Computer Vision · Safety Systems Completed (Undergrad)

UAV / Drone Detection using Deep Learning

Exploring VGG16, ResNet50 and YOLO for vision-based drone identification, with a focus on real-time readiness and responsible deployment.

Back

My Role

Modeling · Training · Evaluation

When

2023

Context

Defense-inspired student project

Transfer Learning Object Detection TensorFlow/Keras OpenCV

Built With

Python · TensorFlow/Keras · NumPy · OpenCV · Matplotlib

Motivation

Low-altitude UAVs enable logistics and inspection but also introduce risks when misused. We explored whether compact vision models can reliably identify drones in varied scenes as a step toward real-time monitoring.

Goal: Detect and localize drones in images/video frames.
Constraint: Favor smaller backbones and transfer learning for quicker convergence on limited data.
Outcome: Baseline classifiers with bounding-box regressors and a YOLO pathway for real-time detection.

Model Architecture

We compared transfer-learned CNN backbones (VGG16, ResNet50) for classification + box regression, and a YOLO head for single-stage detection.

VGG16: Pretrained on ImageNet; frozen early blocks; Dense head with 4-value bounding box (x₁, y₁, x₂, y₂). Best stability on this dataset.
ResNet50: Residual connections improved gradient flow; needed stronger augmentation to avoid overfitting.
YOLO (single-stage): Grid-based detection for real-time scenarios; earmarked for future integration after backbone benchmarking.

Dataset & Preprocessing

Kaggle UAV imagery with text annotations for bounding boxes; standardized to 258×258 RGB and split into train/test.

Parsed TXT labels → [x1, y1, x2, y2]; normalized coordinates to image size.
Applied basic augmentation: random flip, modest rotation/zoom; color jitter held back to preserve silhouette cues.
Train/validation/test = 80/10/10; batched loaders using tf.data.

Training & Metrics

Adam optimizer with small learning rates, early stopping, and model checkpoints. We tracked accuracy for classification and MSE for box regression.

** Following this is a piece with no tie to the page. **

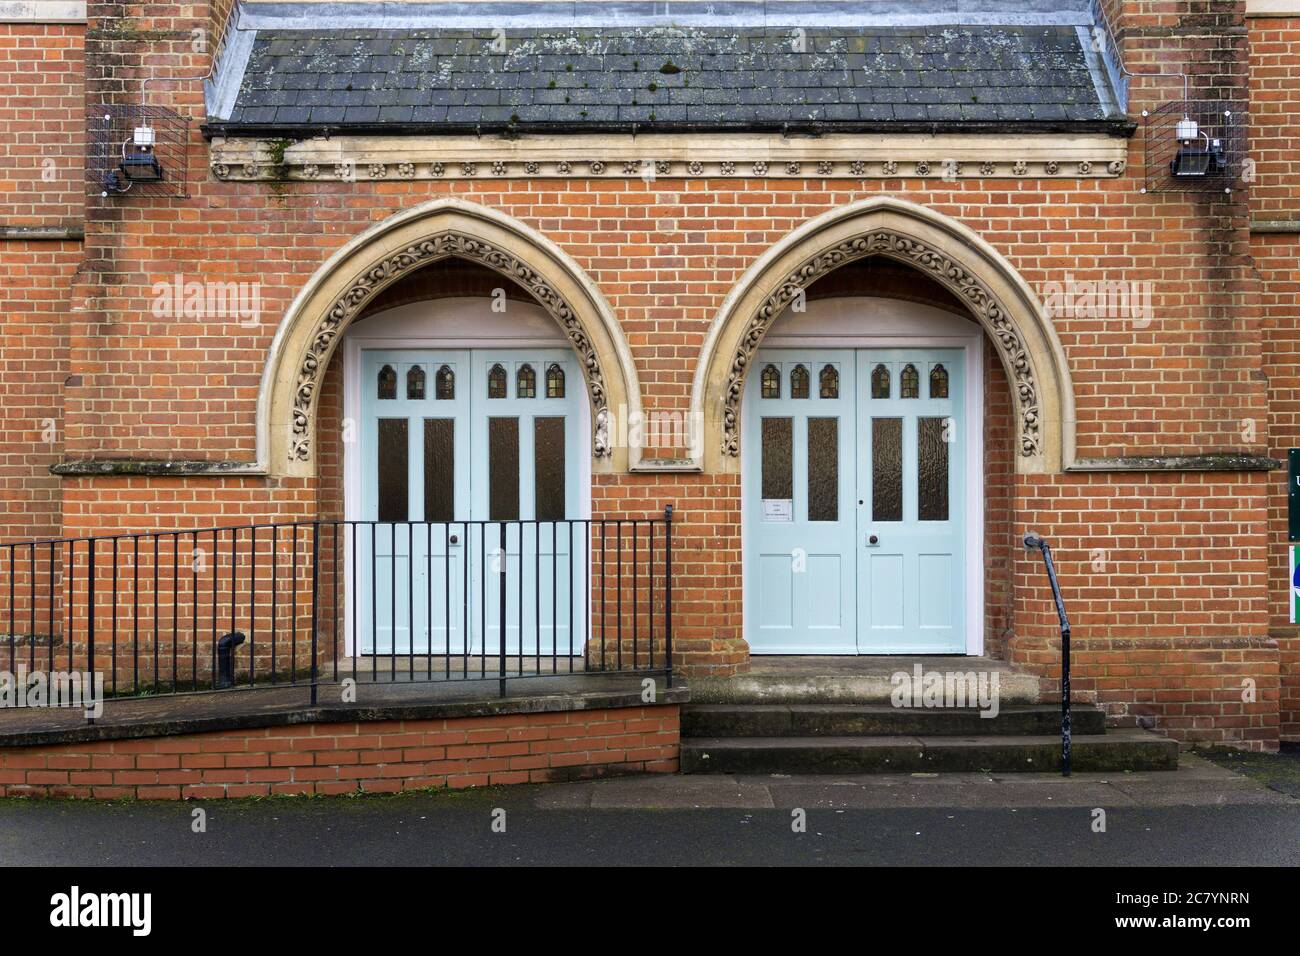 Doppeltüren mit Bogengewölbe am Eingang zur United Reformed Church, Newport Pagnell, Buckinghamshire, Großbritannien; Gebäude stammt aus dem Jahr 1660 Stockfoto

Losses: categorical cross-entropy (class), MSE (bbox).
Batch size / Epochs: 16 / 10–16 with patience-based stopping.
Reported: Train/val accuracy & loss curves; test accuracy; MSE/MAE; qualitative frame outputs.

~0.66–0.70 Val Accuracy (VGG16)

Stable BBox Regression (MSE)

Real-time* YOLO Pathway

VGG16 — Transfer Learning

Classifier + BBox

Val Acc ~0.68 MSE ↓ Overfit risk: low

ResNet50 — Transfer Learning

Classifier + BBox

Val Acc ~0.60 Overfit control ↑ Augment ↑

YOLO — Single-Stage Detector

Realtime Pathway

FPS Target ✓ mAP: TBD Future integration

Results

VGG16 converged consistently and generalized best; ResNet50 required more regularization; YOLO earmarked for real-time extension.

VGG16 (transfer-learned): Final val accuracy ≈ 0.66–0.70 on our split; smooth loss decay; stable bbox regression.
ResNet50: Higher capacity led to overfitting without heavier augmentation; validation metrics lagged VGG16.
Takeaway: For limited datasets, simpler pretrained backbones + careful augmentation can outperform deeper stacks.

Ethics & Governance

Detection tech has dual-use concerns. Any deployment must prioritize accountability, privacy, and human oversight.

Intended use: Safety & monitoring in controlled environments; not for autonomous engagement.
Human-in-the-loop: Model outputs treated as alerts, not final decisions.
Privacy: Avoid storing personally identifiable footage; retain only labeled frames for evaluation when necessary.
Evaluation: Document failure modes (occlusion, distance, lighting) and publish limitations alongside metrics.

Resources

Code, slides, and references.

Dataset: “Drone Dataset (UAV)” — Kaggle.
Models: VGG16, ResNet50 (ImageNet pretrain), YOLO (single-stage detector).